* **What you need to do**: With the pictures left out, write out exactly the lines of the listing below that run from the line with "Excited Balinese man" through the line with "Display showing students".
-- Excerpted records follows --
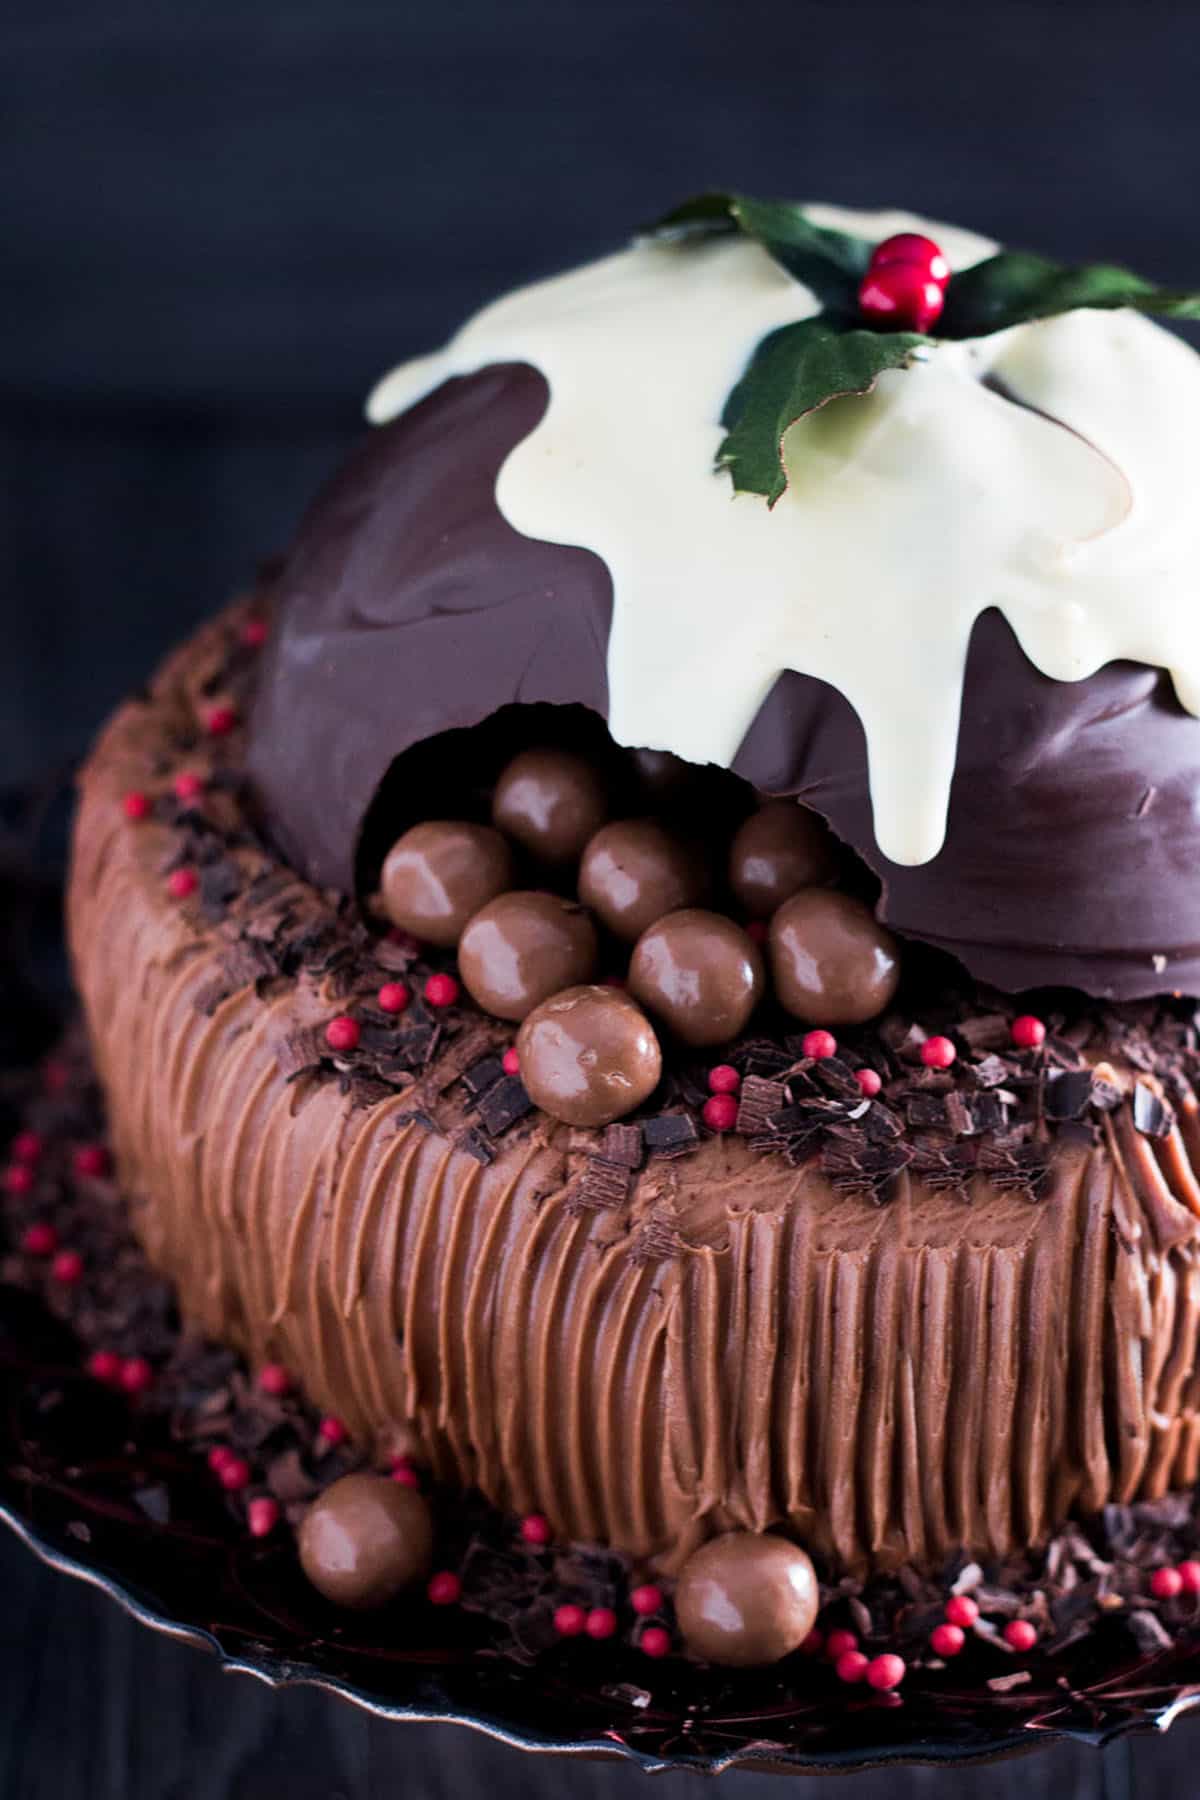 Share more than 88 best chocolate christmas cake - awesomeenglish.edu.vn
-- Excerpted records concluded --
-- Excerpted records follows --
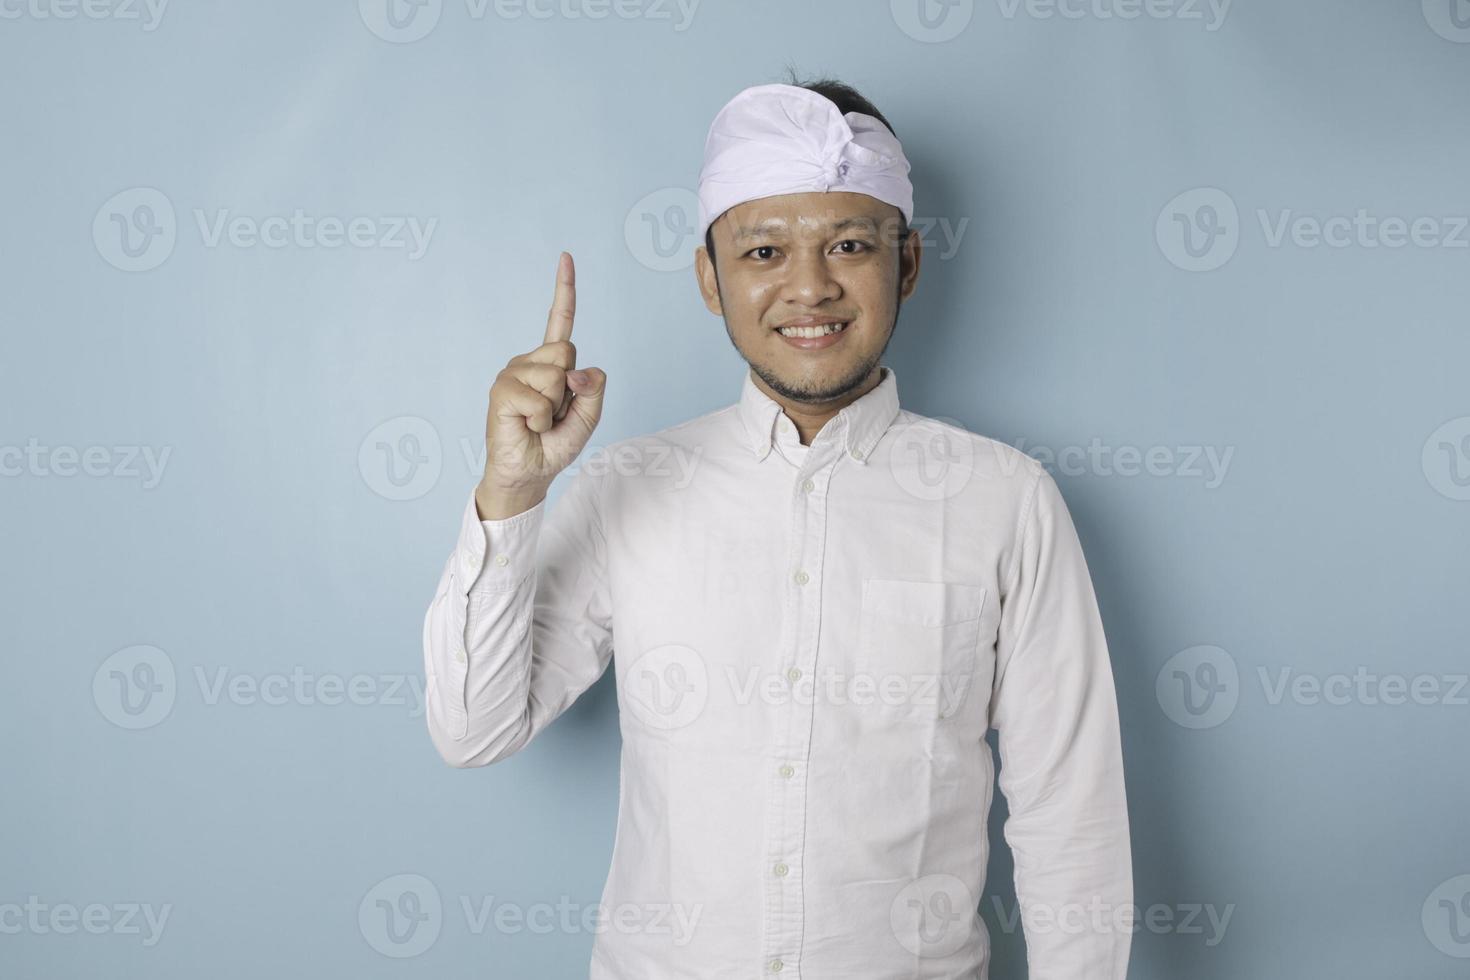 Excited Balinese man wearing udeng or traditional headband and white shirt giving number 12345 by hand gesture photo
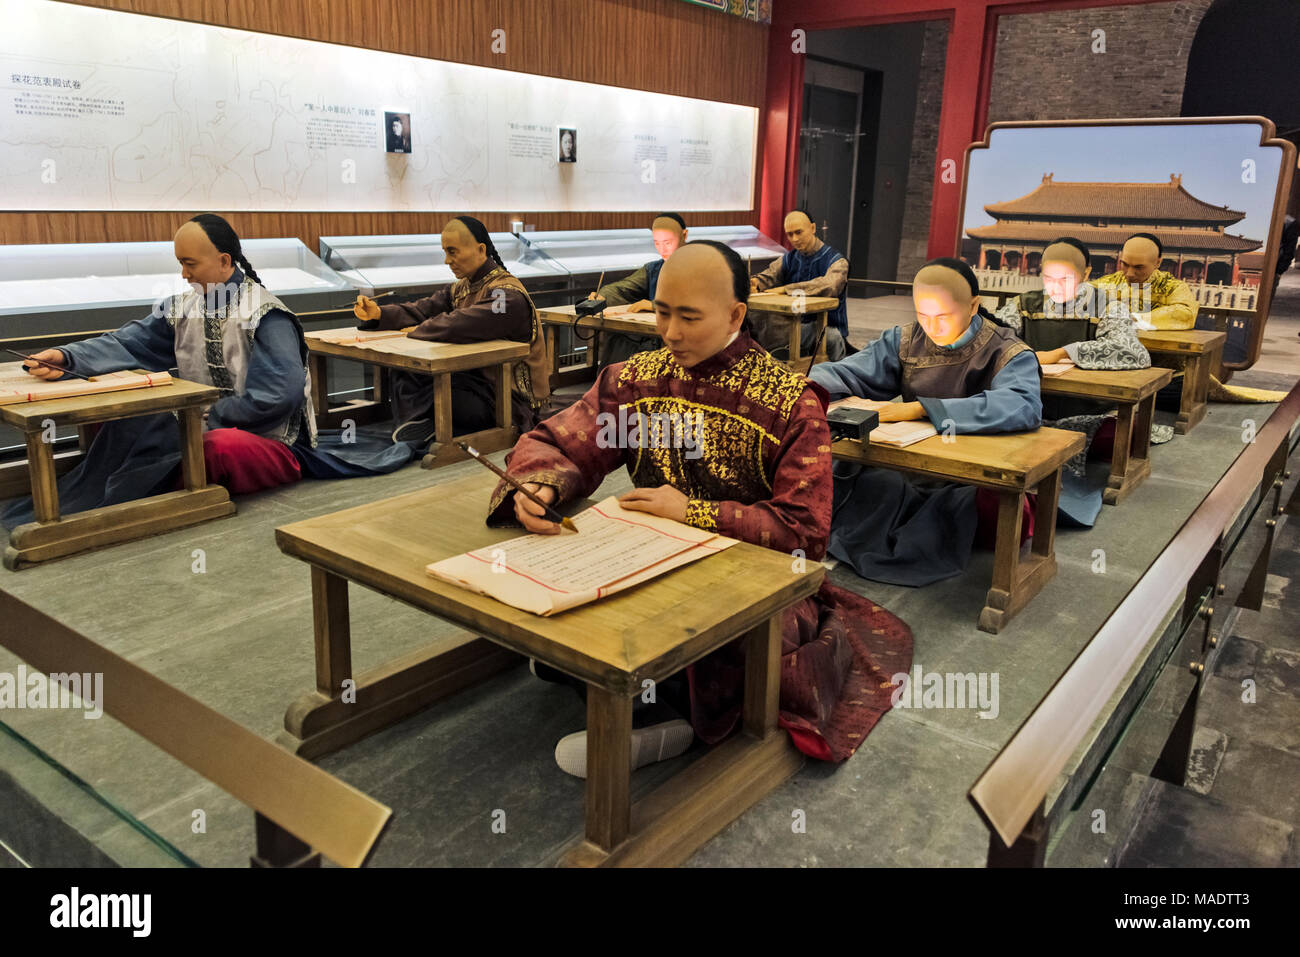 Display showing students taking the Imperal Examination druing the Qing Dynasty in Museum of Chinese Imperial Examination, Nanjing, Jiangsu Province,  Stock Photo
-- Excerpted records concluded --
* **Task result**:
 Excited Balinese man wearing udeng or traditional headband and white shirt giving number 12345 by hand gesture photo
 Display showing students taking the Imperal Examination druing the Qing Dynasty in Museum of Chinese Imperial Examination, Nanjing, Jiangsu Province,  Stock Photo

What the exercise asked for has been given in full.